On Fri, Sep 18, 2009 at 10:51 AM, Michael Peters <mpet...@plusthree.com>wrote:

> On 09/18/2009 11:15 AM, James Smith wrote:
>
>  But cookies are in general not big enough to store the information that
>> a user would store on a website!
>>
>
> I'm not talking about eliminating a permanent data store for your users.
> I'm talking about replacing the session specific things. How much session
> specific data do you really need to store? If it's bigger than 4K per-user
> than yes you can't use a single cookie. But like I said before, the
> situations that you really need more than that for *session specific* data
> are pretty rare.
>

In my case, in almost all instances, the only thing I would want to store is
authenticated userid. But I cannot exclude other possibilities. Right now I
use Apache::Session to store a hash in a mysql table "sessions".

I have a "users" table that holds their profile information such as their
email, their picture, etc.

If I can find a way to set that cookie after the request is processed, I
would be very happy. I can _probably_ work around it and set cookie before
doing start_html, but I would prefer not to.

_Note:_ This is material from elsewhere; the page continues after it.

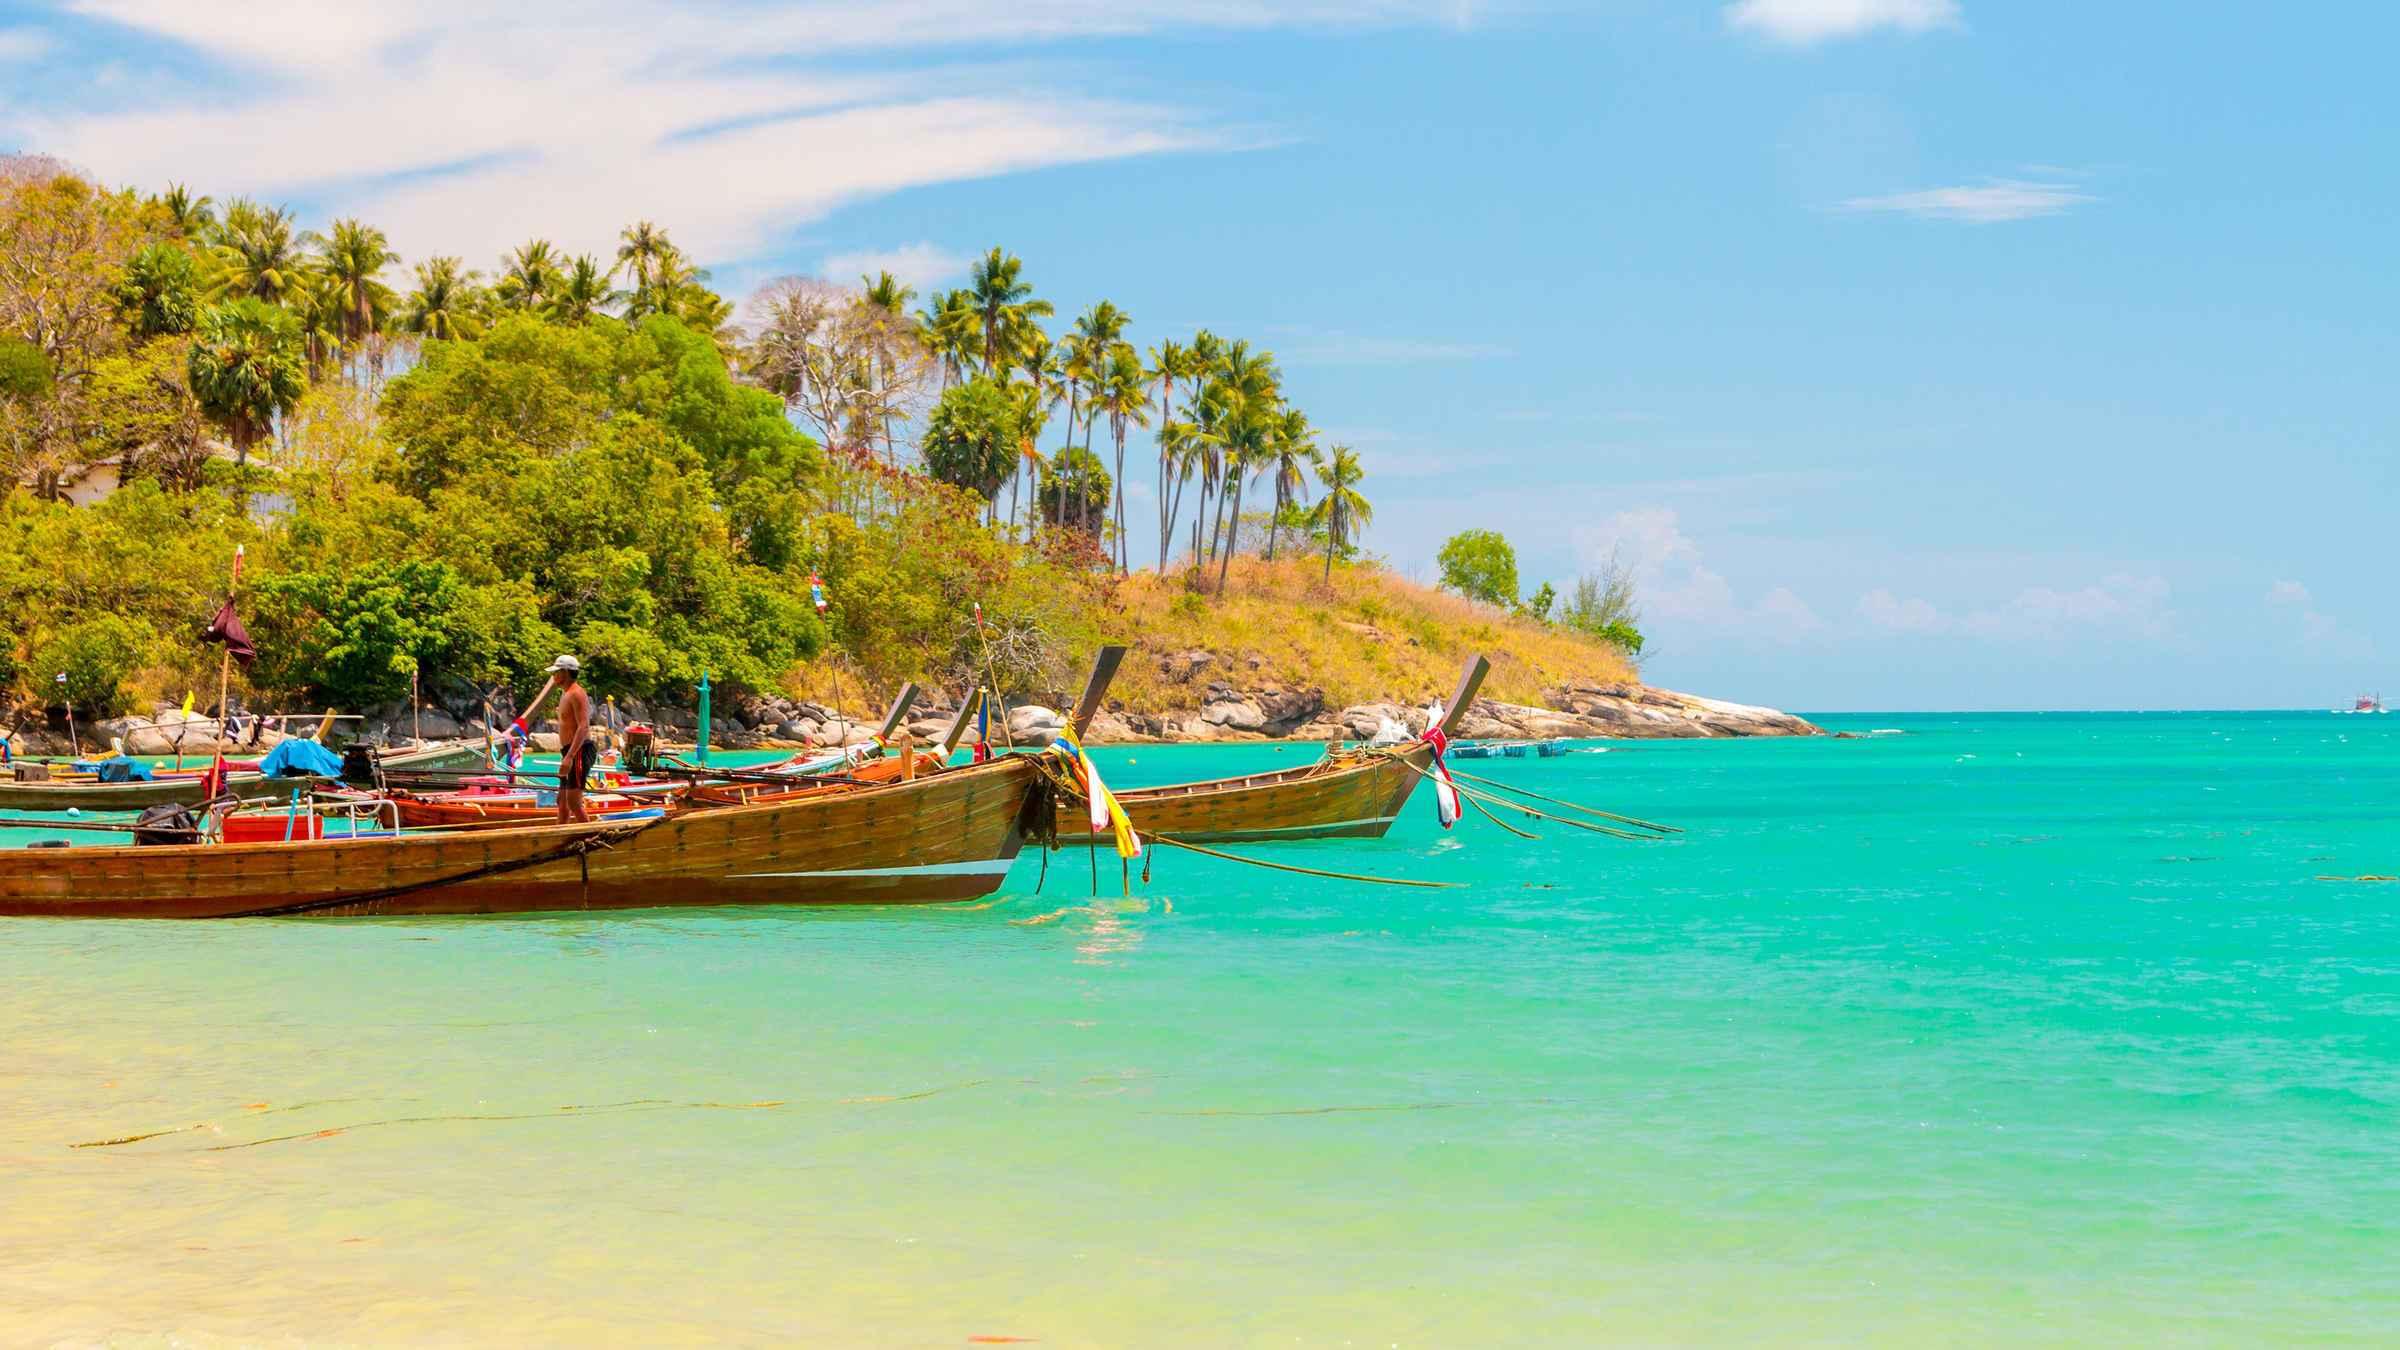 From Phuket: Phang Nga Bay Sunrise Tour by Speedboat & Canoe

Regarding another comment on using templates, etc: I have basically a
homegrown CMS on algebra.com. And I do support templates: the presentation
is mostly decoupled from content, such as where ads are places, how
navigation aids are presented etc, is all decoupled. I can work on the new
template for a month and the users will not notice as they will see the old
template. But I like what I have as it is my own.